I’ve been exploring the feasibility of aggregating data on prices of replacement parts for heavy machinery. There are a number of websites which list this sort of data. I’m focusing on the static sites for the moment.
I’m using are R with {rvest}
(and a few other Tidyverse packages thrown in for good measure).
library(glue)
library(dplyr)
library(purrr)
library(stringr)
library(rvest)
The data are paginated. Fortunately the URL includes the page number as a GET parameter, so stepping through the pages is simple. I defined a global variable, URL
, with a {glue}
placeholder for the page number.
This is how I’m looping over the pages. The page number, page
, is set to one initially and incremented after each page of results is scraped. When it gets to a page without at results, the loop is stopped.
page = 1
while (TRUE) {
items <- read_html(glue(URL)) %>% html_nodes(SELECTOR)
#
if (length(items) == 0) break # Check if gone past last page.
# Extract data for each item here...
page <- page + 1 # Advance to next page.
}
That’s the mechanics.

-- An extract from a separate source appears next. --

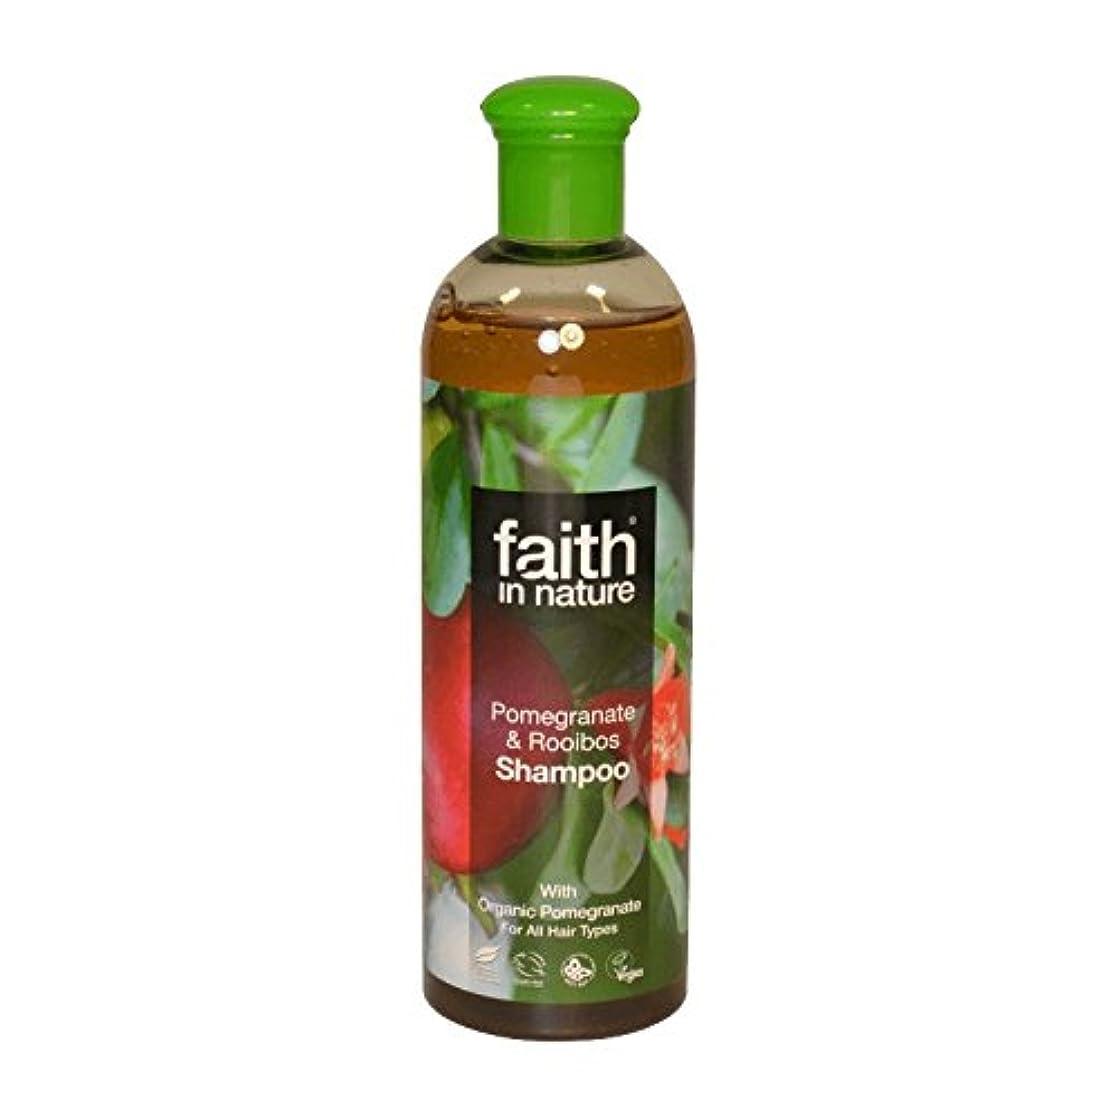 上下するローズノミネート自然ザクロ&Roobiosシャンプー400ミリリットルの信仰 - Faith in Nature Pomegranate & Roobios Shampoo 400ml (Faith in Nature) [並行輸入品]

Within the loop I then used map_dfr()
from {purrr}
to iterate over items
, delving into each item to extract its name and price.
map_dfr(items, function(item) {
tibble(
part = item %>% html_node("p") %>% html_text(),
price = item %>% html_node(".product-item--price small") %>% html_text()
)
})
The results from each page are appended to a list and finally concatenated using bind_rows()
.
> dim(parts)
[1] 987 2
Scraping a single category yields 987 parts. Let’s take a look at the first few.
head(parts)
part price
<chr> <chr>
1 R986110000 Bosch Rexroth New Replacement Hydraulic Axial Piston Motor For CAT 240-7732 $1,534.00
2 R986110001 Bosch Rexroth New Replacement Hydraulic Axial Piston Motor For CAT 213-5268 $1,854.00
3 R986110002 Bosch Rexroth New Replacement Hydraulic Axial Piston Motor For CAT 266-8034 $1,374.00
4 R986110003 Bosch Rexroth New Replacement Hydraulic Axial Piston Motor For CAT 296-6728 $1,754.00
5 R986110004 Bosch Rexroth New Replacement Hydraulic Axial Piston Motor For CAT 136-8869 $1,494.00
6 R986110005 Bosch Rexroth New Replacement Hydraulic Axial Piston Motor For CAT 255-6805 $1,534.00
That’s looking pretty good already. There’s one final niggle: the data in the price
column are strings. Ideally we’d want those to be numeric. But to do that we have to strip off some punctuation. Not a problem thanks to functions from {stringr}
.
parts <- parts %>%
mutate(
price = str_replace(price, "^\\$", ""), # Strip off leading "$"
price = str_replace_all(price, ",", ""), # Strip out comma separators
price = as.numeric(price)
)
Success!
head(parts)
part price
<chr> <dbl>
1 R986110000 Bosch Rexroth New Replacement Hydraulic Axial Piston Motor For CAT 240-7732 1534
2 R986110001 Bosch Rexroth New Replacement Hydraulic Axial Piston Motor For CAT 213-5268 1854
3 R986110002 Bosch Rexroth New Replacement Hydraulic Axial Piston Motor For CAT 266-8034 1374
4 R986110003 Bosch Rexroth New Replacement Hydraulic Axial Piston Motor For CAT 296-6728 1754
5 R986110004 Bosch Rexroth New Replacement Hydraulic Axial Piston Motor For CAT 136-8869 1494
6 R986110005 Bosch Rexroth New Replacement Hydraulic Axial Piston Motor For CAT 255-6805 1534
The great thing about scripting a scraper is that, provided that the website has not been dramatically restructured, the scraper can be run at any time to gather an updated set of results.